In order to make the objects, technical solutions and advantages of the present invention more apparent, the following description is made by way of specific embodiments with reference to the accompanying drawings.

Referring to fig. 1, the details are as follows: a metering fault analysis method for an electric energy meter comprises steps 101 to 107.

Step 101, determining a fault time point of the metering fault of the electric energy meter in the transformer area according to the line loss information of the transformer area.

102, acquiring electric energy meter identification information and electric energy meter precision information of a first electric energy meter, wherein the first electric energy meter is any electric energy meter in the distribution area.

Step 103, acquiring a current data set and historical data of the first electric energy meter according to the fault time point and the electric energy meter identification information.

And 104, grouping the historical data by taking time as a unit to obtain a plurality of historical data sets.

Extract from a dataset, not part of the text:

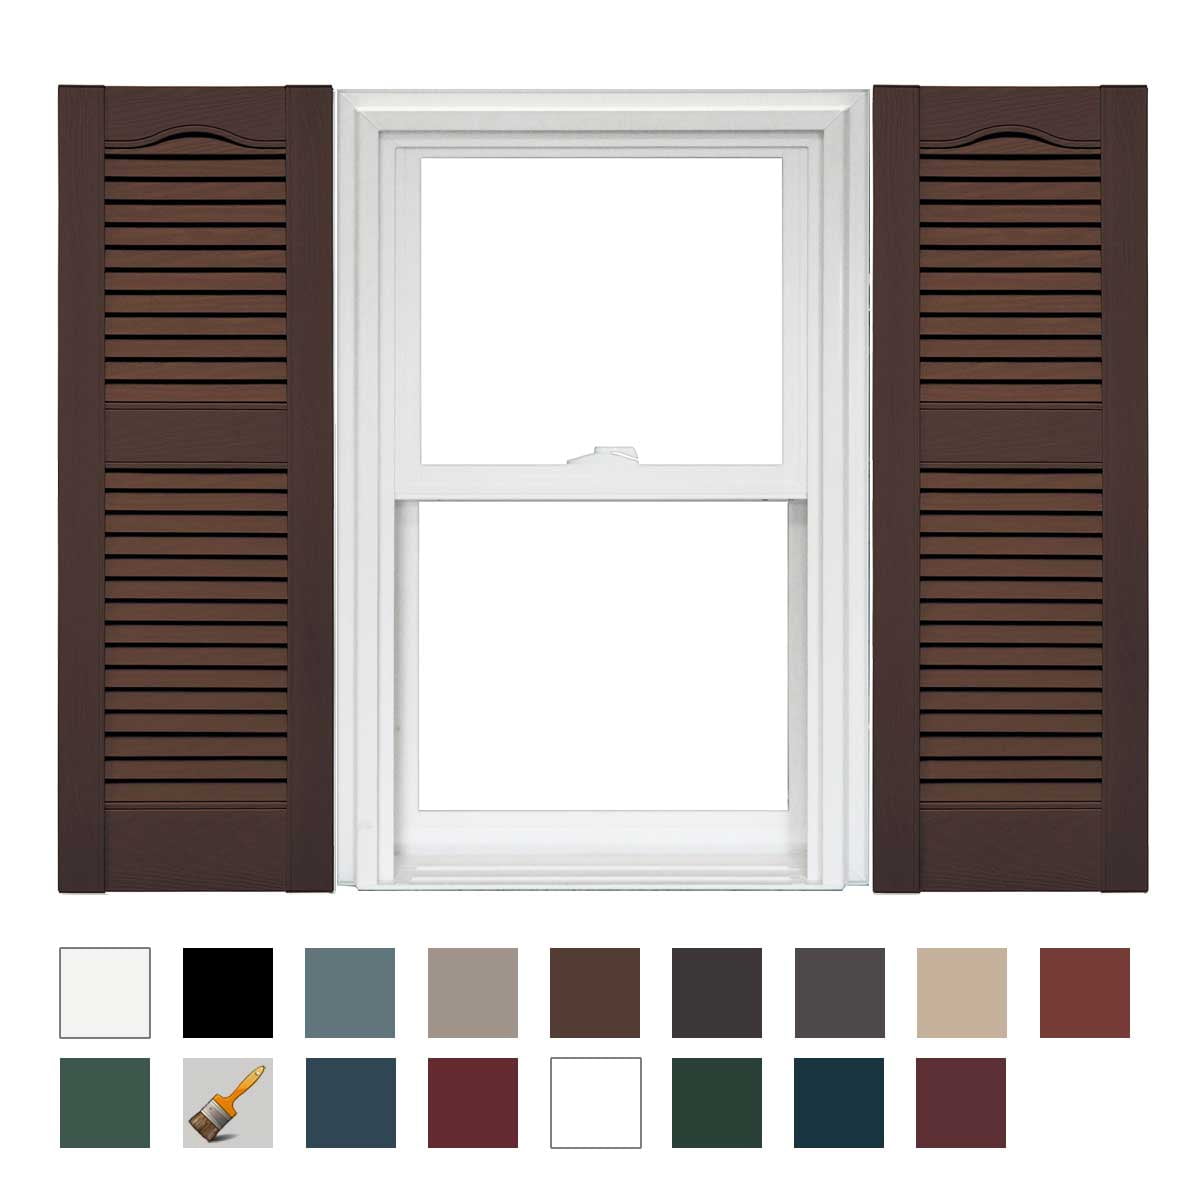 14.5 x 52 009 Federal Brown 1 Pair Mid America Open Louver Vinyl Shutters

For example, before the troubleshooting of the faulty power meter, a time point of occurrence of the metering fault should be first determined, which aims to temporally divide the faulty metering data and the normal metering data.

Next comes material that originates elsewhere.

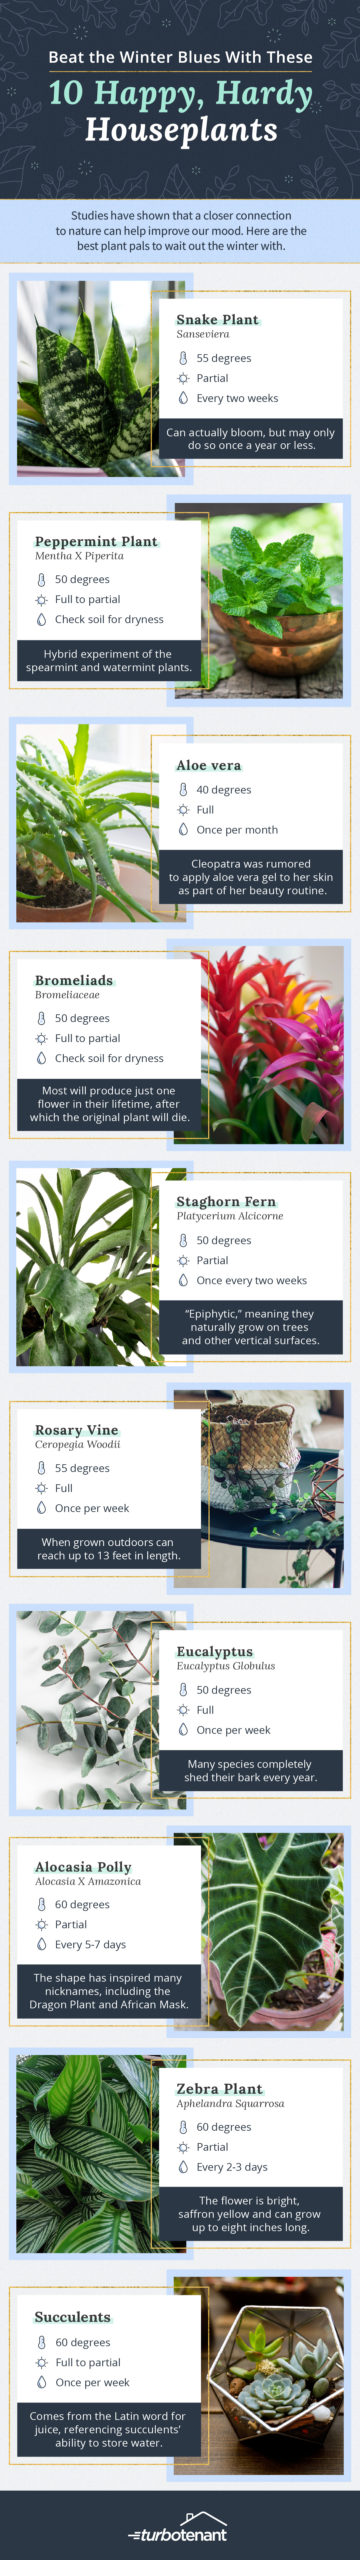 infographic guide for 10 winter indoor house plants

There may be more than one point in time of failure, as in one practice the data before the first point in time is normal metrology data and the data after the second point in time is failure metrology data, the data after the first point in time and before the second point in time being indeterminate. At this time, we should take the data before the first time point as the history data and the data after the second time point as the current data set.

In the determination of the failure time point, a common practice is that the failure time point is determined by taking the occurrence date of the abnormal line loss, that is, the data after the abnormal line loss occurs is the failure metering data, and the data before the occurrence date of the line loss in a reasonable range is the normal metering data.

The identification information of the electric energy meter is used for submitting an application to a database, and generally, the identification information of the electric energy meter is a series of serial numbers or two-dimensional codes, and the identification should be a unique identification.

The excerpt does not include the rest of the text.